The specific fuel consumption in L/kWh dropped as engine power requirements and fuel consumption rose [20]. This is due to the fact that when the tractor’s transmission gear stages increased, the engine power needed climbed more than the fuel usage. According to previous research, plowing depth is one variable that affects energy efficiency of machinery in the plowing process [61]. Because of growing soil resistance and soil volume, there is a linear relationship between fuel consumption and plowing depth. Previous studies by Fathollahzadeh et al. [62] and Moitzi et al. [63] found that fuel usage rose noticeably as plowing depth increased. As a result, as fuel usage increases, the SVFE falls. However, the SVFE increased since the increase in draft power demand outweighed the rise in fuel usage.
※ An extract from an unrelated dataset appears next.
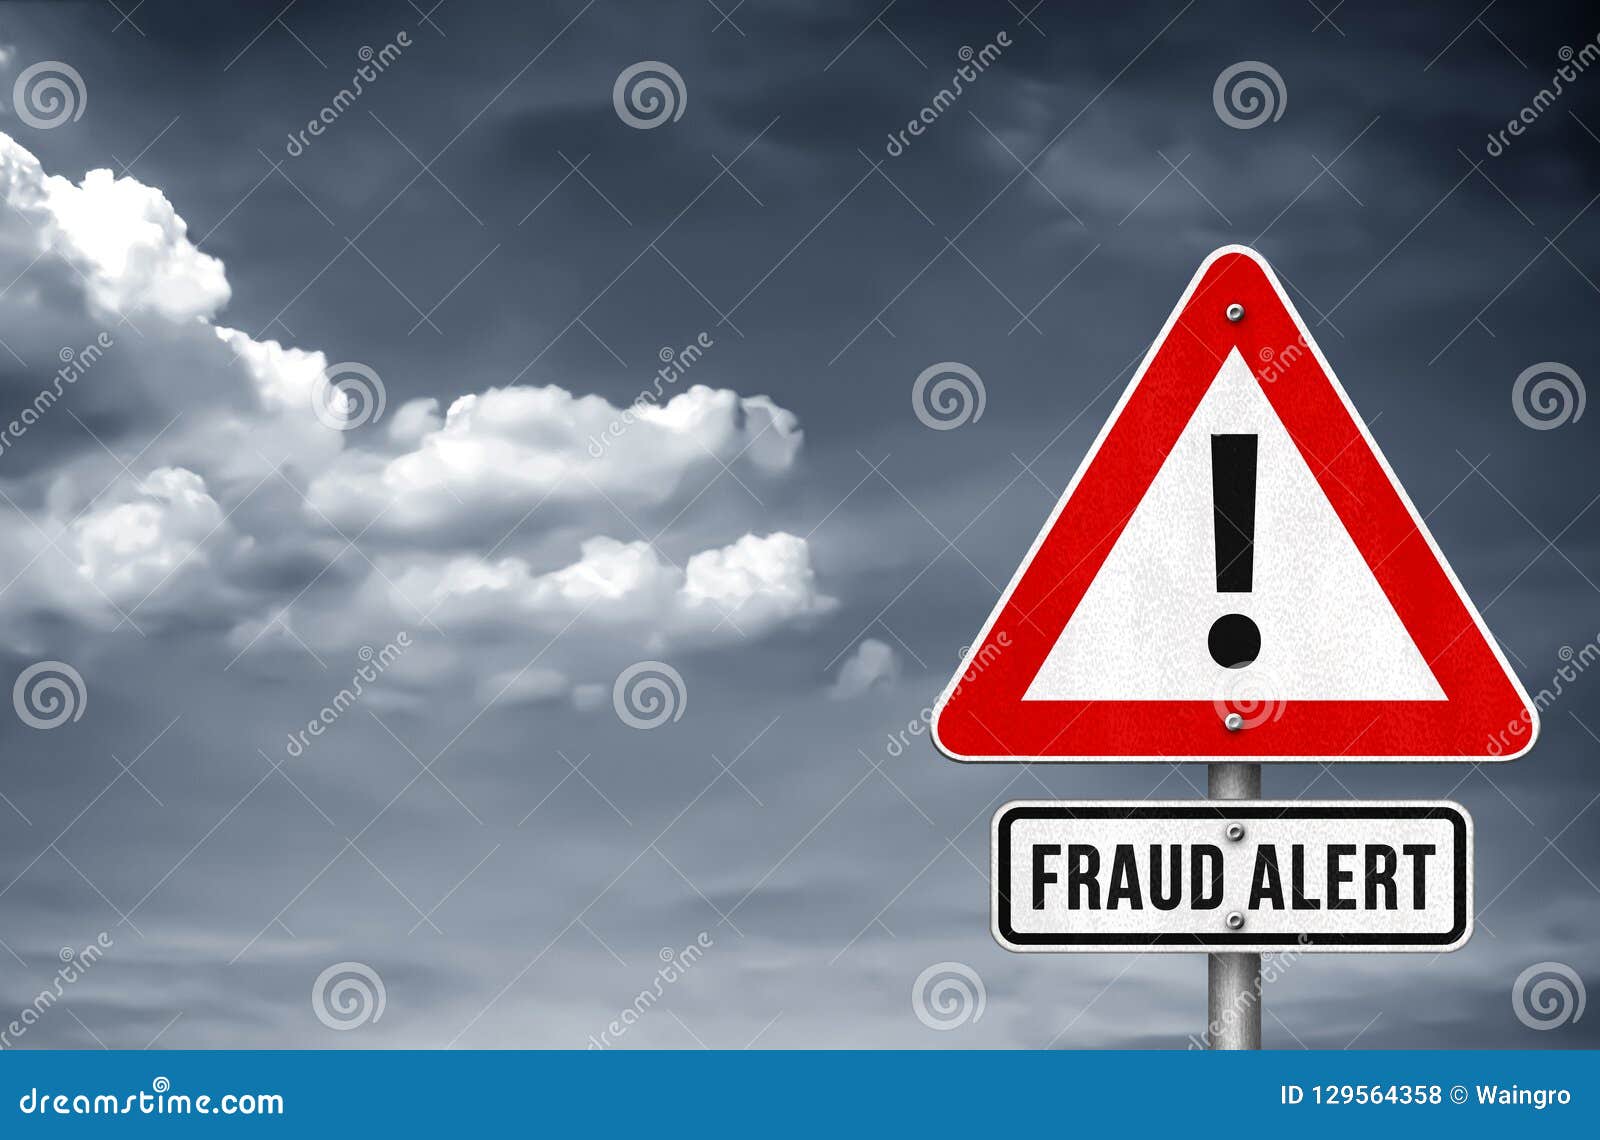 fraud alert warning sign
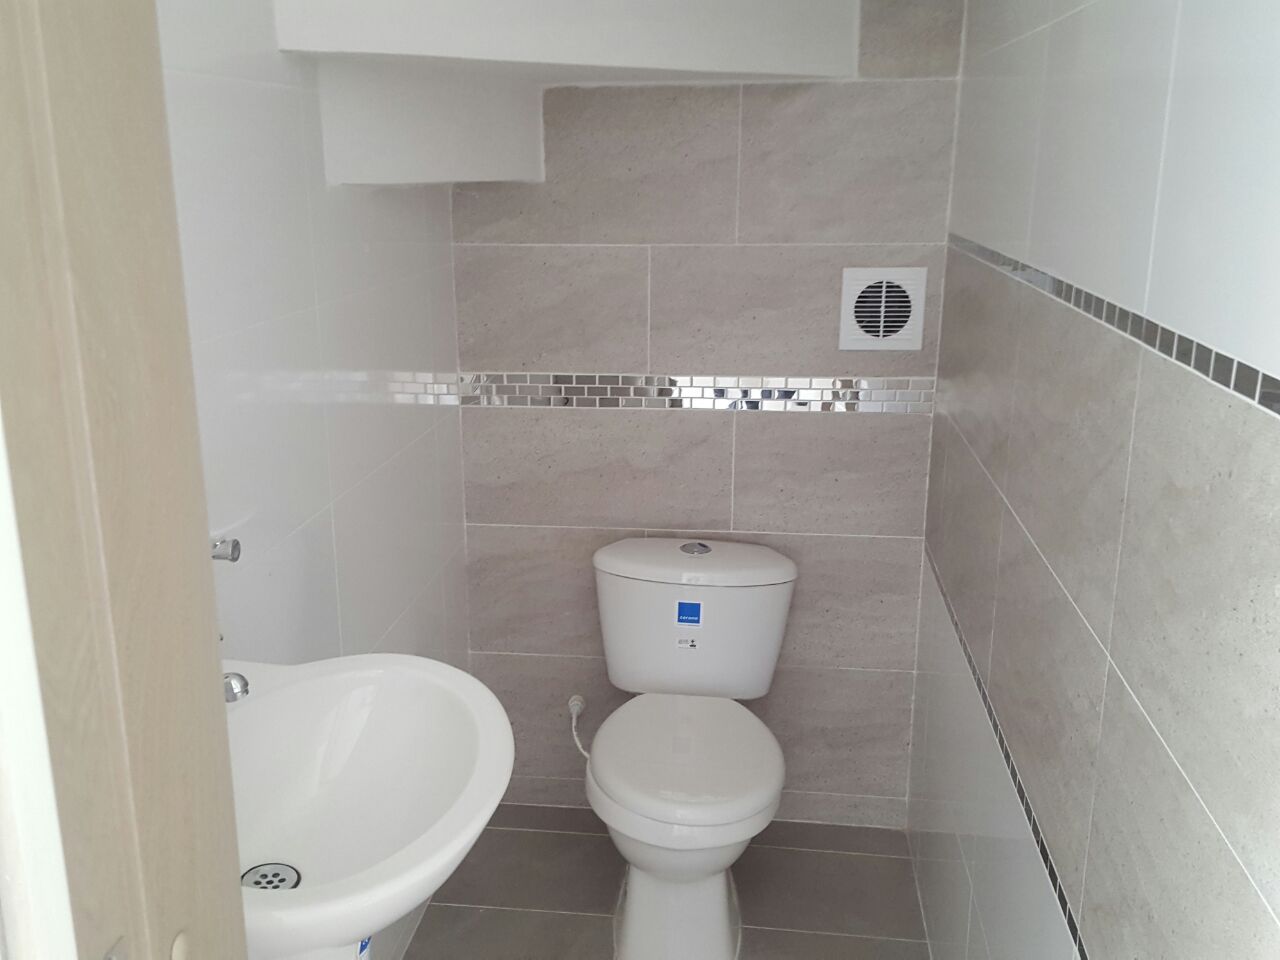 Cuarto de baño simple y moderno con azulejos de mármol blanco acabado de  madera inodoro y ducha

3.2. Performance Analysis of the Developed Artificial Neural Network to Predict the SVFE Indicator

To determine the best ANN model for SVFE indicator prediction in the tractor–chisel system, the Qnet v2000 software’s ANN method was used. There were two hidden layers. The independent variables of tractor power, plow width, tillage depth, tillage speed, soil sand, silt, and clay content, initial soil moisture content, initial soil bulk density, and draft force were represented by 10 nodes in the ANN’s input layer. Ten nodes in the first and second hidden layers were examined by the trial-and-error method. One neuron was used in the output layer for the SVFE dependent variable. A sigmoid function was used as the activation function in the hidden layers. The learning rate was 0.01, and the momentum factor was 0.8, and after 20,000 epochs, the best network was reached. The level of error was satisfactory as shown by the values of R2, MAE, RMSE, and MAPE between the measured and estimated values of SVFE as shown in Table 4. This shows that the developed ANN model can predict unknown data with acceptable accuracy.
In the literature [64], the level of acceptability of the prediction based on the MAPE is 10%. The MAPEs for the training and testing datasets obtained satisfactory levels in the range of 3.056–6.908%, depending on the predicted variable. The mean absolute error (Table 4) for SVFE prediction during training was less than 1 kWh/L. The network was able to accurately learn the training dataset, as evidenced by Figure 5 and Figure 6, which display the curve fitting for the observed values against the output values of the ANN for the SVFE for the training and testing data, respectively. The coefficient of determination, or R2, for the data was determined to be 0.9820 and 0.9741 in the training and testing stages, respectively. Furthermore, this outcome shows that the measured and anticipated data have a proper association. Compared to other research findings, the acquired results are typical and appropriate given the vast number of input parameters used in this study. The results also show that all of the input factors influence the SVFE. Additionally, the figures show how the constructed ANN model consistently produced the modeled values during the test phase.
The behavior was nearly identical when comparing the established ANN model’s performance to that of ANN models utilized in earlier research on the same topic. The explanatory features, kind, and structure of the used ANN, among other factors, may cause discrepancies in accuracy. Nonetheless, several prediction models have been developed for tillage operations, particularly for particular fuel consumption measured in L/kWh. These predictive models can be grouped into various types, including regression analysis [20], which used a convolutional neural network to predict the fuel consumption of an agricultural tractor, and the deep learning method [65], which used a variety of inputs and assumptions to analyze and develop a prediction model for specific fuel consumption through regression analysis under different working conditions and soil strength during tractor rotary tillage operations. The Buckingham pi theorem [65] and dimensional analysis [56] were two numerical prediction methods that used in fuel consumption prediction. Igoni et al. [66] used draft force, ridging speed, depth of cut, soil moisture content, cone index, and width of cut as inputs during ridging. However, they claimed that tractor fuel consumption was inversely proportional to the width of cut and penetration resistance and directly proportional to the draft force, ridging speed, height of ridge, and soil moisture content. Additionally, Shafaei et al. [67] used two soft computing techniques, ANN and the adaptive neuro-fuzzy inference system, to predict energy indices like specific fuel consumption for tillage implements and tractor overall energy efficiency. They used two inputs, forward speed and plowing depth, and concluded that the ANN model could successfully manage energy indices and lower tractor–implement energy dissipation.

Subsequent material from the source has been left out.